As against these considerations, Commercial Union has emphasized some authority from other jurisdictions for the general argument that it would be unjust to deprive the compensation carrier of interest on the money it has paid out. We find the authority from other jurisdictions of limited value. The rationale for allowing interest in Breaux v. Roy Young, Inc., 397 So. 2d 1384 (La. App. 3d Cir. 1981) is not clear, and none of the cases supports more than post-verdict interest. See Becker v. Huss Co., 43 N.Y.2d 527, 373 N.E.2d 1205, 402 N.Y.S.2d 980 (1978); Fireman’s Fund Indemnity Co. v. Batts, 11 N.J. Super. 242, 78 A.2d 293 (1951). See also 2A A. Larson, The Law of Workmen’s Compensation § 74.32(d) (1983). They do not, therefore, support the broad principle that Commercial *734Union espouses in seeking interest from the date of the third-party writ.

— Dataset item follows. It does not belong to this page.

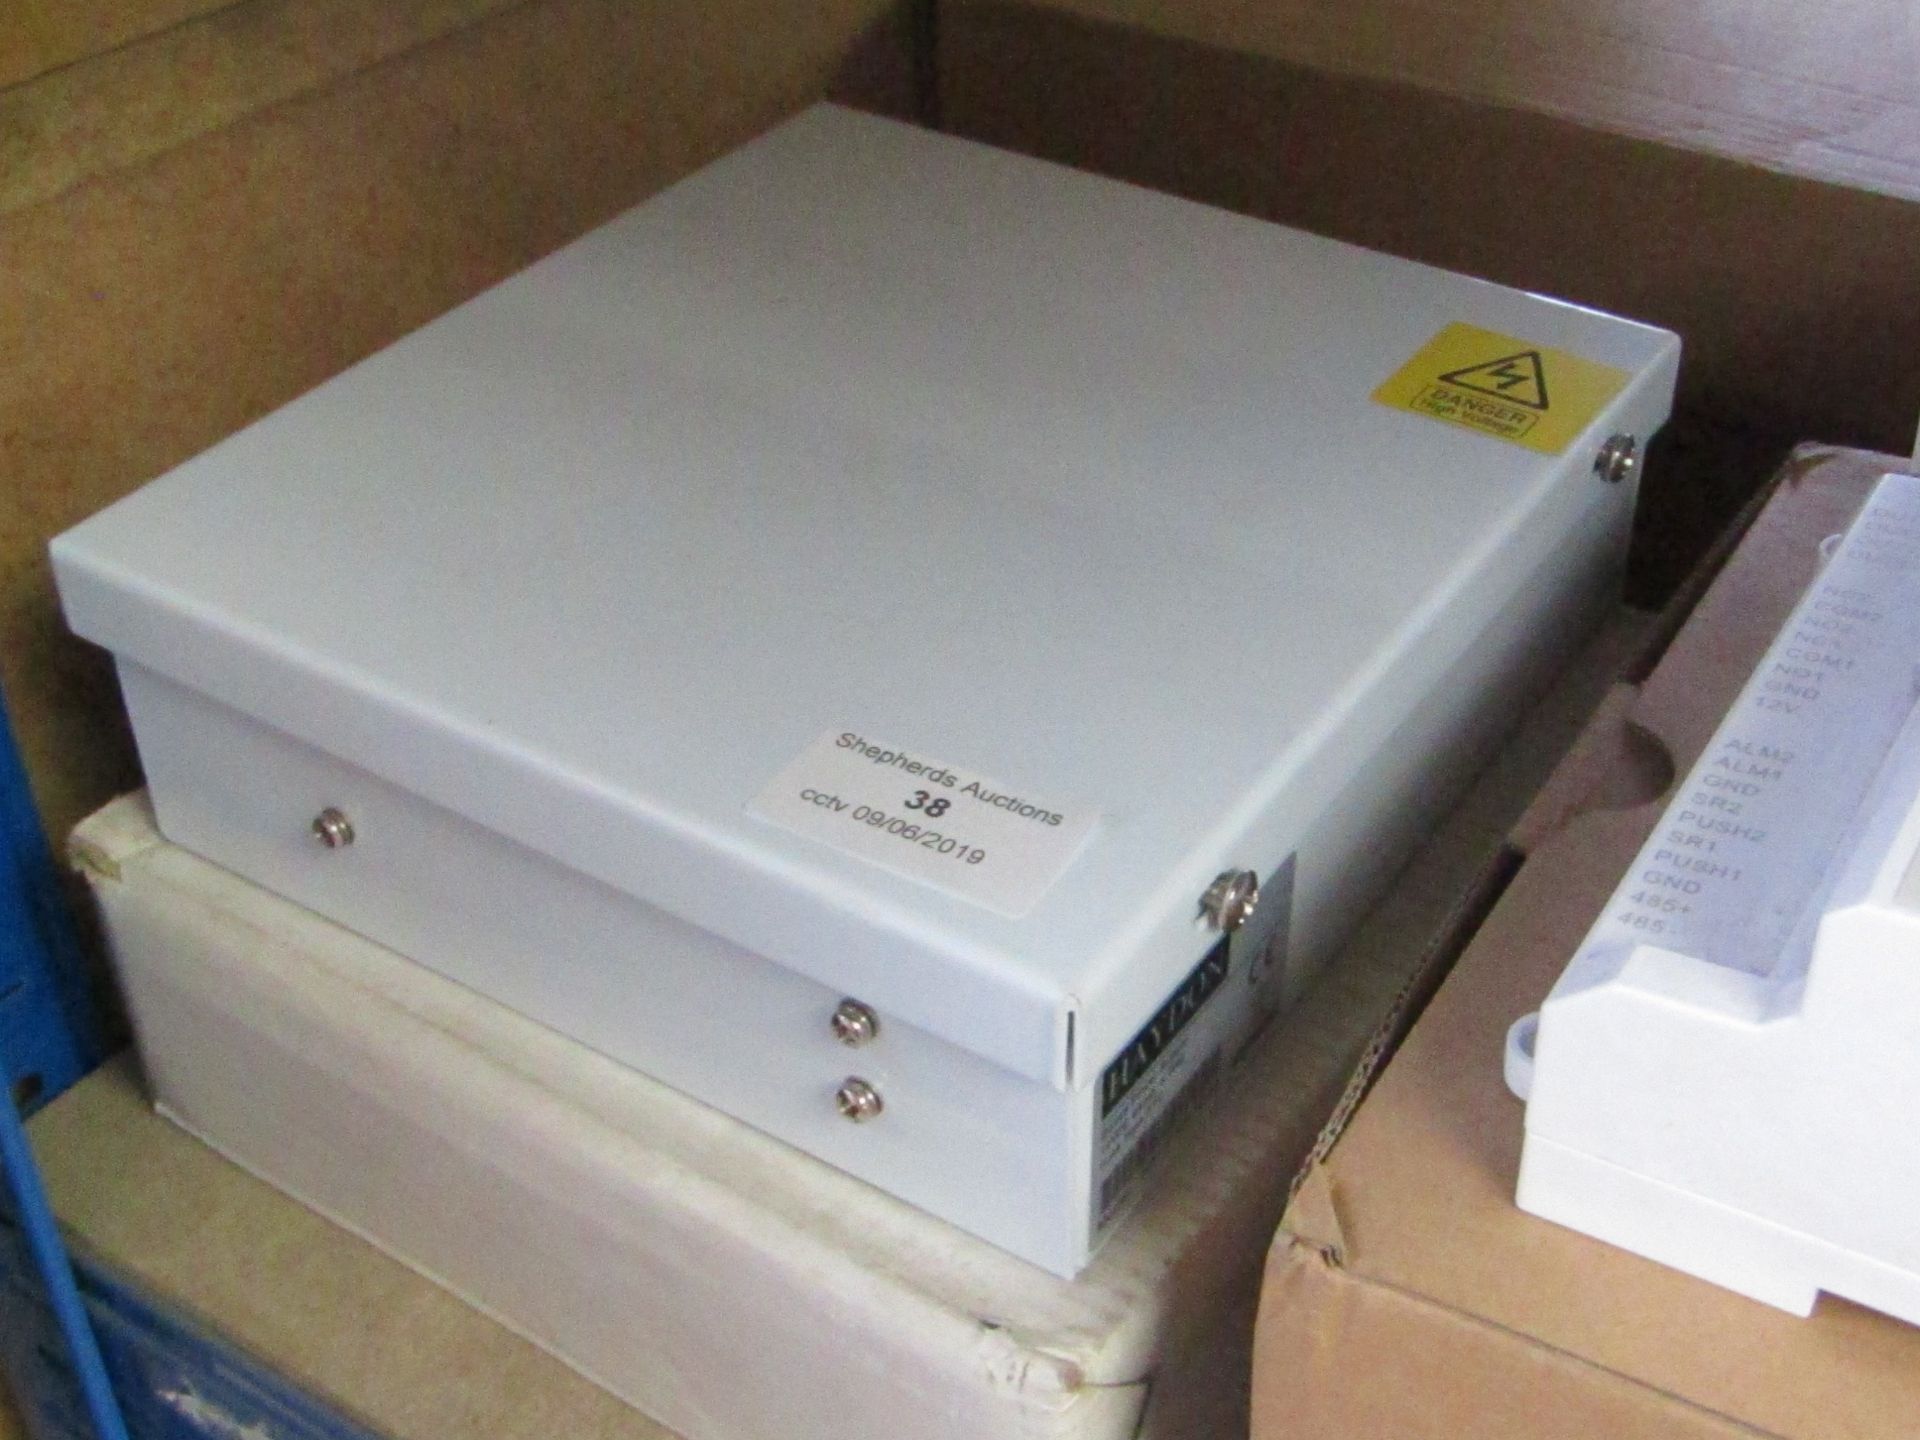 Haydon boxed power supply. Protective box that also powers DC12v cameras.

Indeed, it is questionable whether Commercial Union is even in a position to invoke the general principle that interest is awarded to compensate for the loss of the use of the money. The terms on which a workers’ compensation carrier may conduct business and charge premium rates are all subject to regulation under State statute. See RSA 412:8 — :13. In passing on the propriety of the carrier’s premium rates, the insurance commissioner may consider the fact that RSA chapter 281 allows the company no interest on benefits recaptured under the lien of RSA 281:14,1 (Supp. 1983).

Therefore, to the extent that there may be anything “unfair” about the failure of RSA chapter 281 to provide such interest, that unfairness may be addressed in setting the appropriate premiums under RSA 412:8-: 12. Whatever a carrier can be said to lose under the one statute, it has the opportunity to gain under the other, with the ultimate result of obtaining premium income that is “just and reasonable and adequate for the risks” against which the carrier insures. RSA 412:8. Needless to say, if the legislature should decide that it would be preferable to broaden the carrier’s lien to include interest, in order to lessen the potential burden of premium rates, RSA chapter 281 may be amended accordingly.

Remanded.

Douglas, J., did not sit; the others concurred.